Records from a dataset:
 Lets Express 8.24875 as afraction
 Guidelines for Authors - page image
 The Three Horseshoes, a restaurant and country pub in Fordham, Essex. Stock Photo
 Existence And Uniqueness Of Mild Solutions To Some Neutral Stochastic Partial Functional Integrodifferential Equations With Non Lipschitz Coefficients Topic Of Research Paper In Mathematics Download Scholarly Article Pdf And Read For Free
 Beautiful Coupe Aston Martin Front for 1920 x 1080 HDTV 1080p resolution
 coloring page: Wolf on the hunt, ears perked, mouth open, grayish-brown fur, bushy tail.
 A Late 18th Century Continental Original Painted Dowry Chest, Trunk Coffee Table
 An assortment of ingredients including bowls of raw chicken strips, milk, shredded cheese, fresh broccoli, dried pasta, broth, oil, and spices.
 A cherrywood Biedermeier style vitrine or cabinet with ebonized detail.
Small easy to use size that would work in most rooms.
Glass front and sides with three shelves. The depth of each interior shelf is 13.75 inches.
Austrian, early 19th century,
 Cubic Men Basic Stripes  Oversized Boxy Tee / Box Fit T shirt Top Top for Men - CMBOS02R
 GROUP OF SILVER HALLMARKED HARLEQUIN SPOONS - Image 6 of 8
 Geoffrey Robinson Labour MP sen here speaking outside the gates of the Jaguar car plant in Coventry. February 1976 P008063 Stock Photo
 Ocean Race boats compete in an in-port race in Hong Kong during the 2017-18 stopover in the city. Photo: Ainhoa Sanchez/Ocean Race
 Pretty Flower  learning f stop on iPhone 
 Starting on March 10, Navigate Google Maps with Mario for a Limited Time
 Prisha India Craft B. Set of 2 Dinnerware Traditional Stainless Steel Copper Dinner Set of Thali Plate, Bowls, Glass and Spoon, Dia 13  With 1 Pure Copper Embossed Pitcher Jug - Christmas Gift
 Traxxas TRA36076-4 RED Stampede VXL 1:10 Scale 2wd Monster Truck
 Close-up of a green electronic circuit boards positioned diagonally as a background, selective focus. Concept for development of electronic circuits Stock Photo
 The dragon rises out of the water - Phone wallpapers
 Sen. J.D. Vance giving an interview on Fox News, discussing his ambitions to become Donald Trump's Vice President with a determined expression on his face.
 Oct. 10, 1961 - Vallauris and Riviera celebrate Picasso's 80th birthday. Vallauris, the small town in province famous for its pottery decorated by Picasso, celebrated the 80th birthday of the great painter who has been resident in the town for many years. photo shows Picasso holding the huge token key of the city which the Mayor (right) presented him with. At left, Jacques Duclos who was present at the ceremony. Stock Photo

**PROBLEM TO WORK ON:** The output should be exactly the lines above from the line containing "An assortment of" to the line containing "GROUP OF SILVER", inclusive, with no other lines.

**REPLY:**
 An assortment of ingredients including bowls of raw chicken strips, milk, shredded cheese, fresh broccoli, dried pasta, broth, oil, and spices.
 A cherrywood Biedermeier style vitrine or cabinet with ebonized detail.
Small easy to use size that would work in most rooms.
Glass front and sides with three shelves. The depth of each interior shelf is 13.75 inches.
Austrian, early 19th century,
 Cubic Men Basic Stripes  Oversized Boxy Tee / Box Fit T shirt Top Top for Men - CMBOS02R
 GROUP OF SILVER HALLMARKED HARLEQUIN SPOONS - Image 6 of 8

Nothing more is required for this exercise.